The criterion for selection for the “plus” sub-strain was a successful solution of the test in its most “difficult” stage, when the underpass was blocked with a plug (see below), while the criterion for selection for the “minus” sub-strain was the inability to solve these stages. F20 mice of the selection experiment of strain EX were used as the basic population for the new selection [11]. Strain EX was bred in the previous selection experiment for high scores of extrapolation ability in the paradigm, when the stimulus disappeared from the animal view. In the first generations of the selected strain EX, the proportion of animals that were able to solve this task significantly exceeded the 50% chance level [11], while in the further generations (starting from F9–10) this prevalence were expressed irregularly. In the present work, the experimental results on PBT performance are presented for several groups of animals. These were mice of F20 of the EX strain selection (parents of F1 of the present selection, n = 20), mice of F1–F3 of the new selection (sub-strains “plus” and “minus,” n = 378), and animals from the unselected control population CoEX (n = 34), which served as a control group during the selection for high scores of extrapolation ability [11].

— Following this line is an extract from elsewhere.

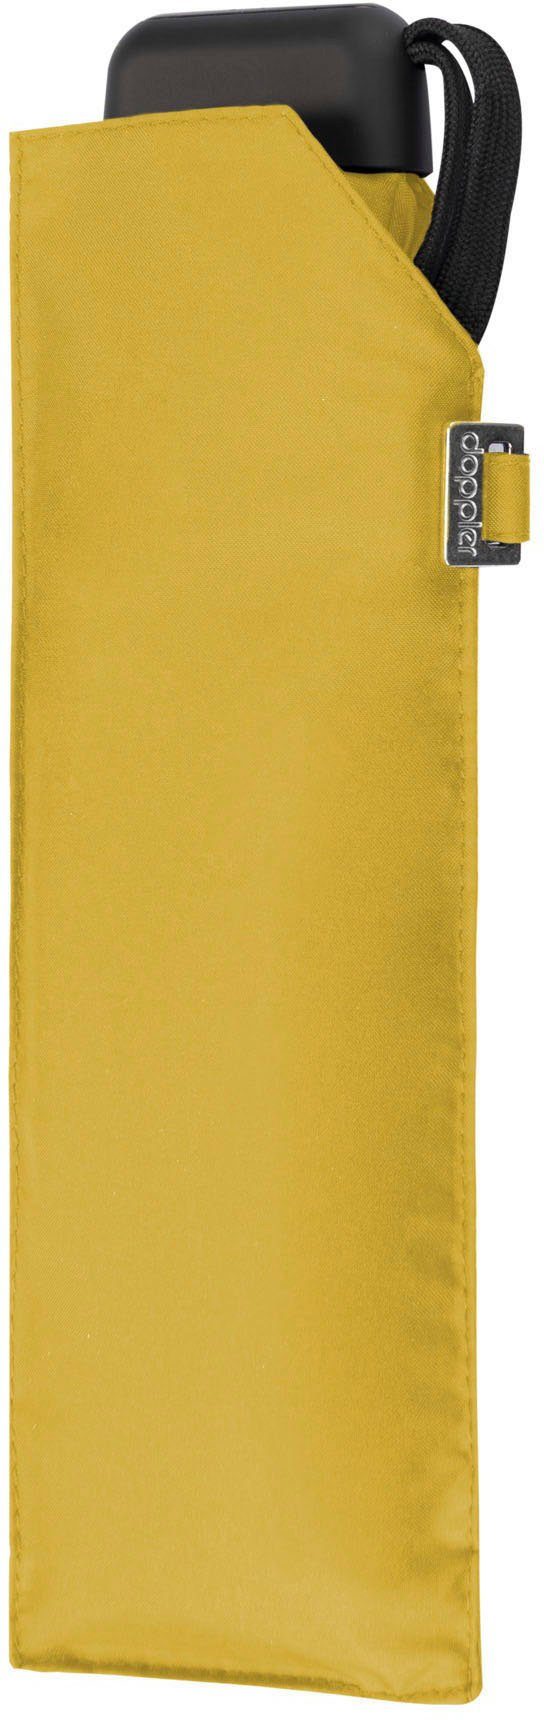 Slim shiny Taschenregenschirm yellow uni, doppler® Carbonsteel

The PBT performances at stages 1 and 2 (the underpass free or masked by wood shavings) were practically similar in the “plus” and “minus” groups, and the reactions were relatively quick. Figure 2 demonstrates the respective latencies. The distinct differences between the “plus” and “minus” groups were found in the scores for stages 3 and 4 when the underpass was blocked with a plug (Figs. 1, 2), and this could be regarded as the response to selection in these generations. The test solution scores at stage 4 (the proportion of mice which solved the task) was higher (with the exception of the “plus” group in F2), and the mean latencies were shorter than those for stage 3, which means that the animals used the memory of the previous task presentation experience.

Fig. 1.
figure 1

Proportions (ordinate, %) of successful puzzle-box solutions by F20 strain EX mice (see text), by parents of the F1 of new selection (1), by F1–F3 mice from the new sub-strains (“plus” and “minus“ groups (2–4)), and by mice from the unselected control population (F23, 5) in test presentations when the underpass leading to the dark box compartment was blocked with a plug. The gray columns show the 1st test stage with the plug, and the black columns show the 2nd test stage with the plug. *, **, *** Scores are significantly different from the respective proportion in the “minus” sub-strain of the same generation, p < 0.05, 0.01, and 0.001, respectively (Fisher ȹ method for alternative proportions difference). #, & Significant differences from the proportions of F1–F3 “plus” sub-strain mice (with different p values, details not shown). Numerals above the columns are the numbers of mice tested in each group.

Fig. 2.
figure 2

Mean values for latencies (± standard error) of animal entrance into the dark part of the box during succeeding the puzzle-box test stages by mice of different groups (see Fig. 1): (a) the underpass is opened, (b) the underpass is masked with wood shavings, (c, d) the underpass is blocked with the plug. The gray columns show the mice of the sub-strain “plus,” and the black columns show the mice of the sub-strain “minus.” Designations for (1–5) are the same as in Fig. 1. *, **, *** Significant differences from the respective values for the “minus” sub-strain, р < 0.05, 0.01, and 0.001, respectively (1-factor ANOVA, post hoc by Fisher).

The test solution by CoEX mice at test stages 3 and 4 (the underpass blocked with a plug) was much less successful than the solutions by mice of three selection generations (in F2 and F3, even by the mice of the “minus” sub-strain).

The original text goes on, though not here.